3 big players in the game would be great tho.
 
Hades said:
I'm sure that's what people said of IBM's hardware dominance in the 80's. Nowadays they are moving more and more towards software and consultancy. Personally I'd expect at least one major new player in the next 8 to 10 years.


IBM shifted from hardware for very different reasons, if it hadnt of done then IBM would be a broken shell of its former self as its markets were drying up extreamly quickly, although its still got its feet in main frames :)
 
Just found this:

"National Semiconductor distanced itself from the CPU market, and without direction, the Cyrix engineers left one by one. By the time National Semiconductor sold Cyrix to VIA Technologies, the design team was no more and the market for the MII had disappeared. VIA used the Cyrix name on a chip designed by Centaur Technology, since VIA believed Cyrix had better name recognition than Centaur, or possibly even VIA."
 
Zogger said:
old-ish thread but google will blatantly buy one of these companies and start competing in the budget market. ;)

thats not a joke lol

i think it's a good idea having lots of companies competing with each other

the fact AMD own ATI is a bad move IMO, it makes you wonder if AMD r going to turn like old Apple, and then we'll only have intel in PC's...
 
Slenpree said:
thats not a joke lol

i think it's a good idea having lots of companies competing with each other

the fact AMD own ATI is a bad move IMO, it makes you wonder if AMD r going to turn like old Apple, and then we'll only have intel in PC's...


Dont really see how you can compare Apple to AMD myself - two completely seperate ball games in my opinion.

AMD aint going anywhere - they will remain in all areas of PC architechture, and could even expand into mobile units ( aka PDA's etc) - until very recently Apple Mac's etc where really only widely known to photoshoppers etc for media creation - now that intel have started powering them they will get a lot more interest.

AMD on the other hand already had a wide user base (even if not quite so much in general corporate areas - although JP Morgan and other investment banks have used AMD opteron servers and blades for a few years already).

Competition is good though and drives the market place forward , as stated above IBM wont be (re) entering the standard hardware market again for some time to come after selling off their PC and laptop devisions
 
20 years from now is a long time.
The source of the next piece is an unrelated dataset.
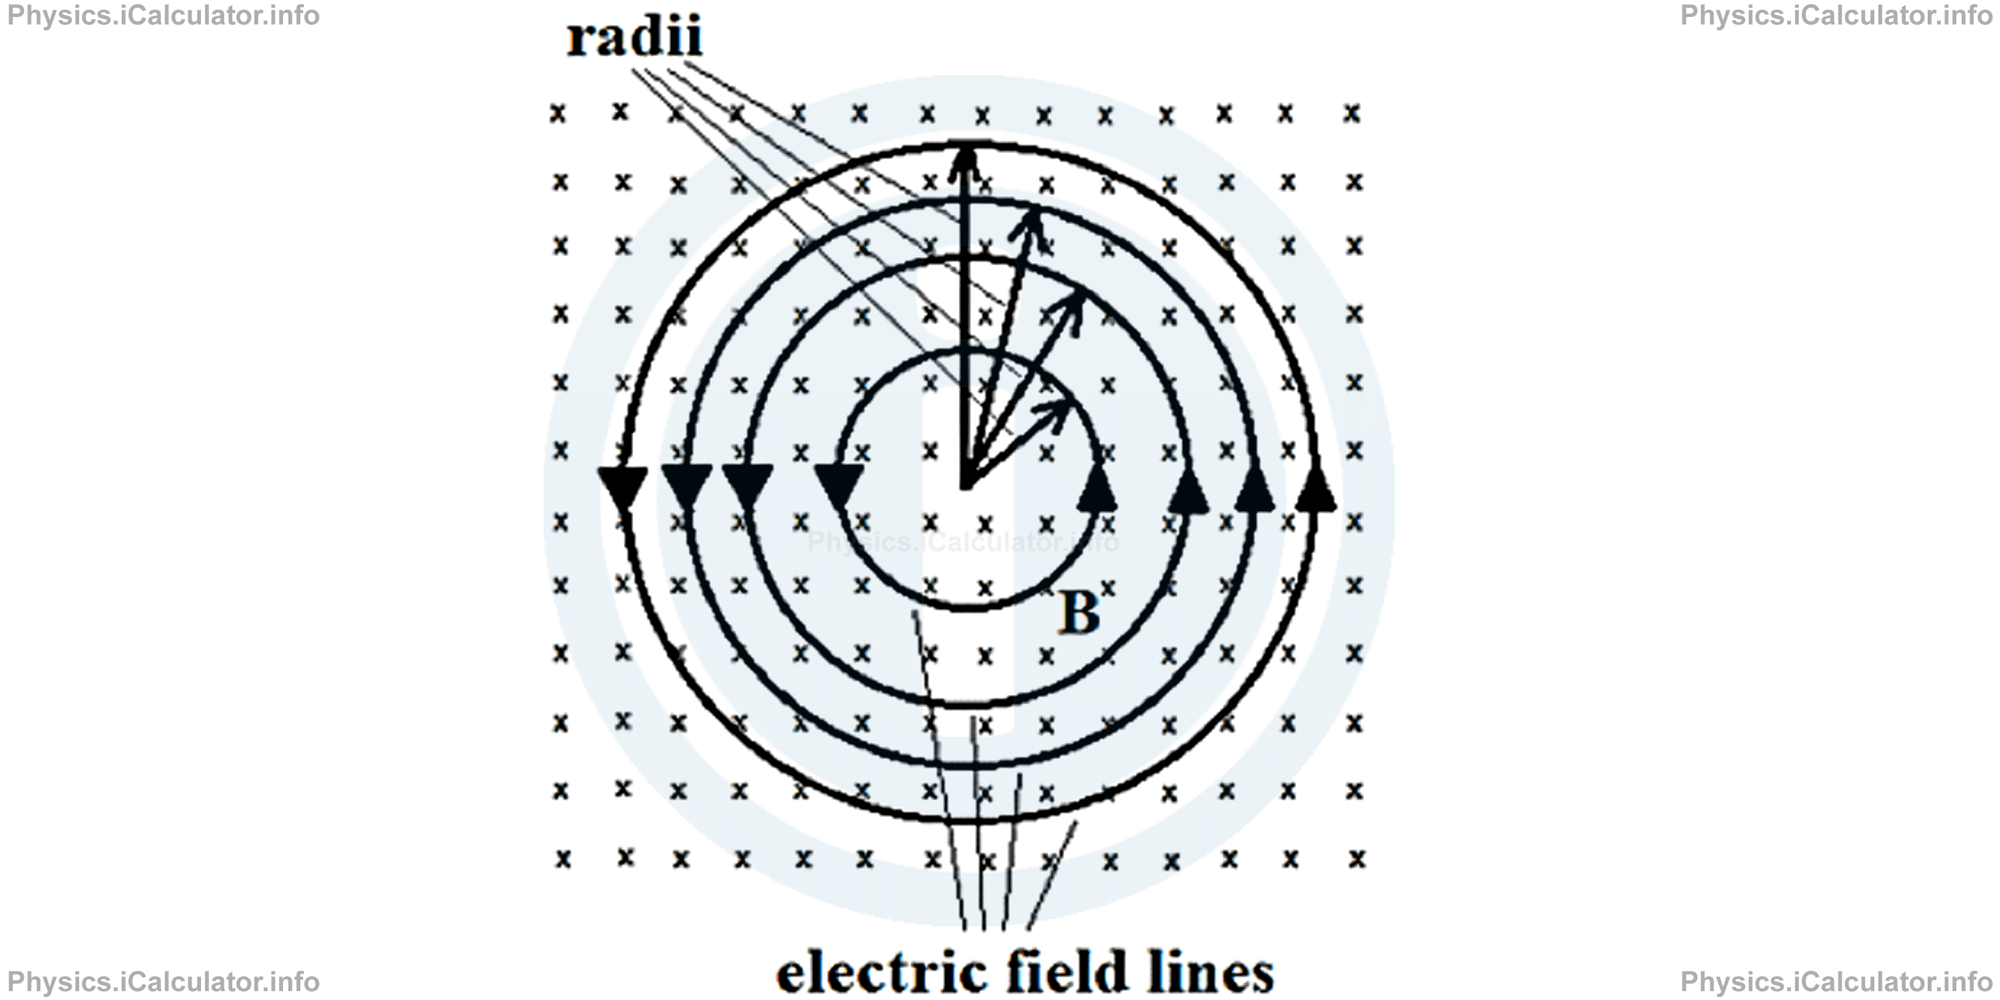 Physics Tutorials: This image provides visual information for the physics tutorial Induced Electric Fields 
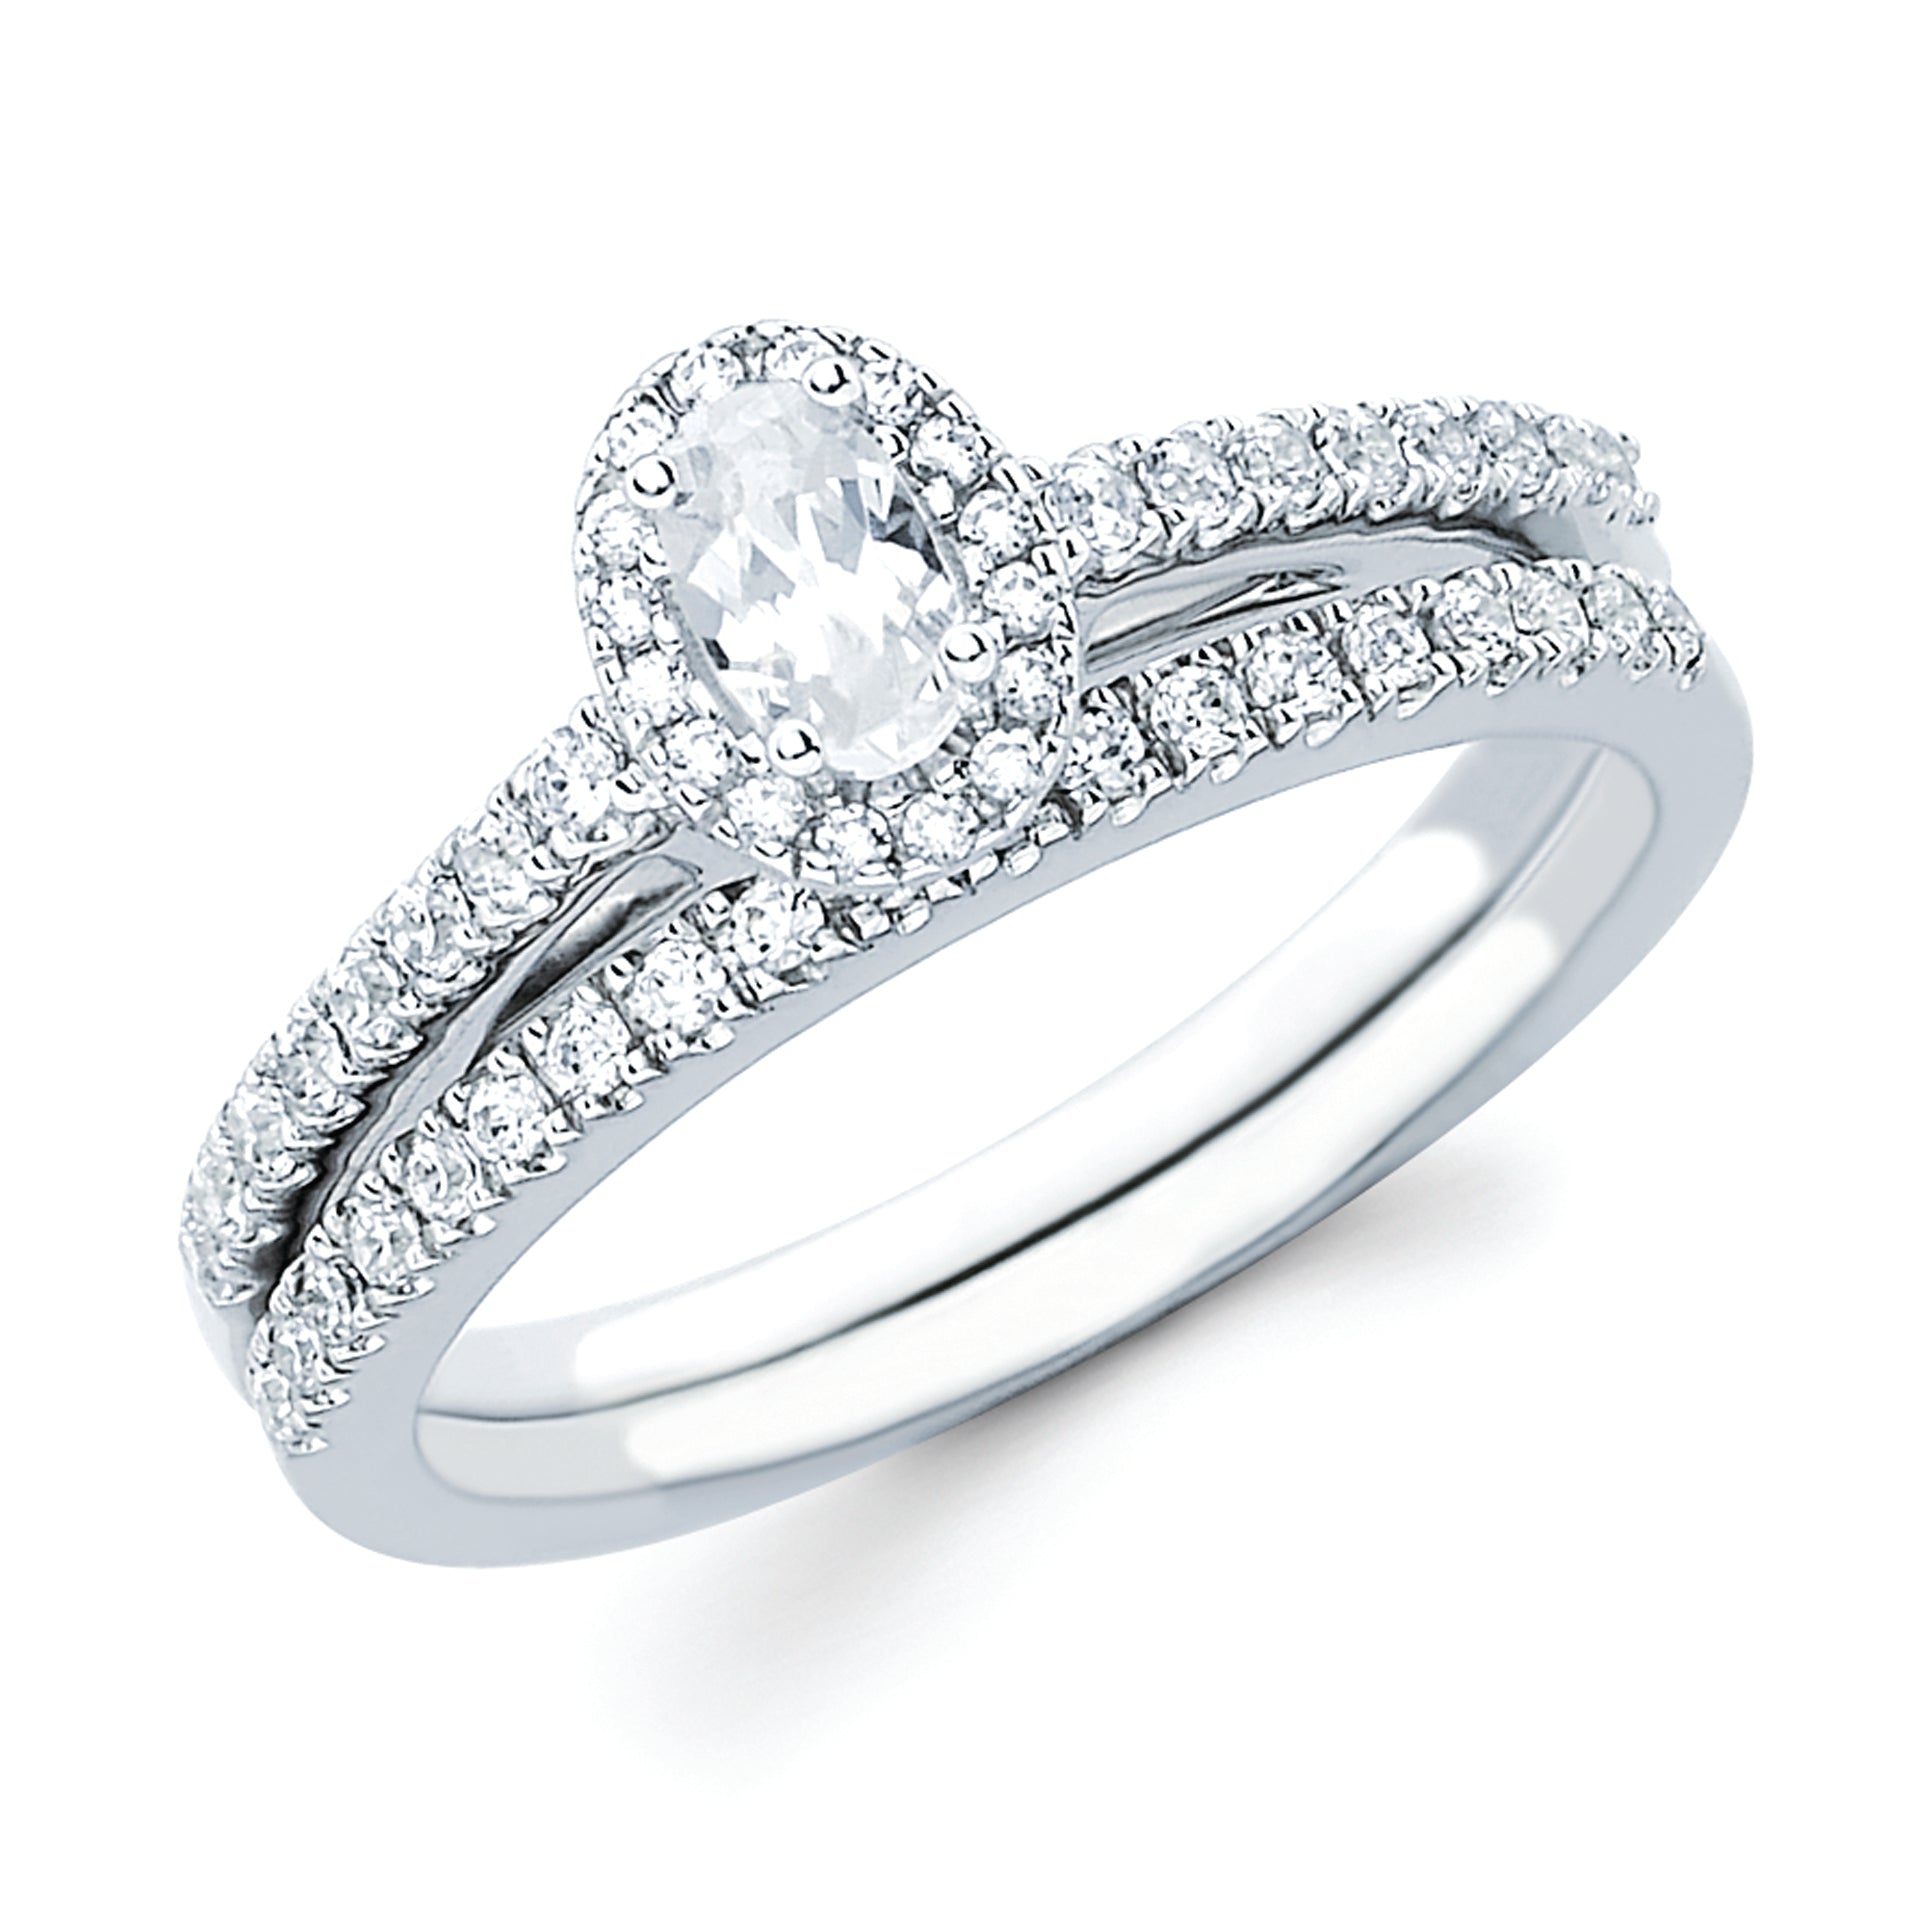 Halo Bridal: 1/5 Ctw. Diamond Halo Semi Mount available for 1/4 Ct. Oval Center Diamond in 14K Gold

We might all be running bio-tech computers by then and the whole silicon thing will be so last century. ;)
 
Dureth said:
20 years from now is a long time. We might all be running bio-tech computers by then and the whole silicon thing will be so last century. ;)


You may well be right - but only a very few companies could invest the required amount of $$$ into the research ...... unless something unforeseen just appears from nowhere and imediately sets the engineers imaginations going
 
FrankJH said:
You may well be right - but only a very few companies could invest the required amount of $$$ into the research ...... unless something unforeseen just appears from nowhere and imediately sets the engineers imaginations going
as with all these things, I'm guessing the initial investment will be driven by the arms market.
 
VeNT said:
as with all these things, I'm guessing the initial investment will be driven by the arms market.

Yeah, Bush will soon realise that we need a supercomputer atleast a hundred times as powerful as today's fastest to calculate the amount of people killed in Iraq as a result of his idiocy.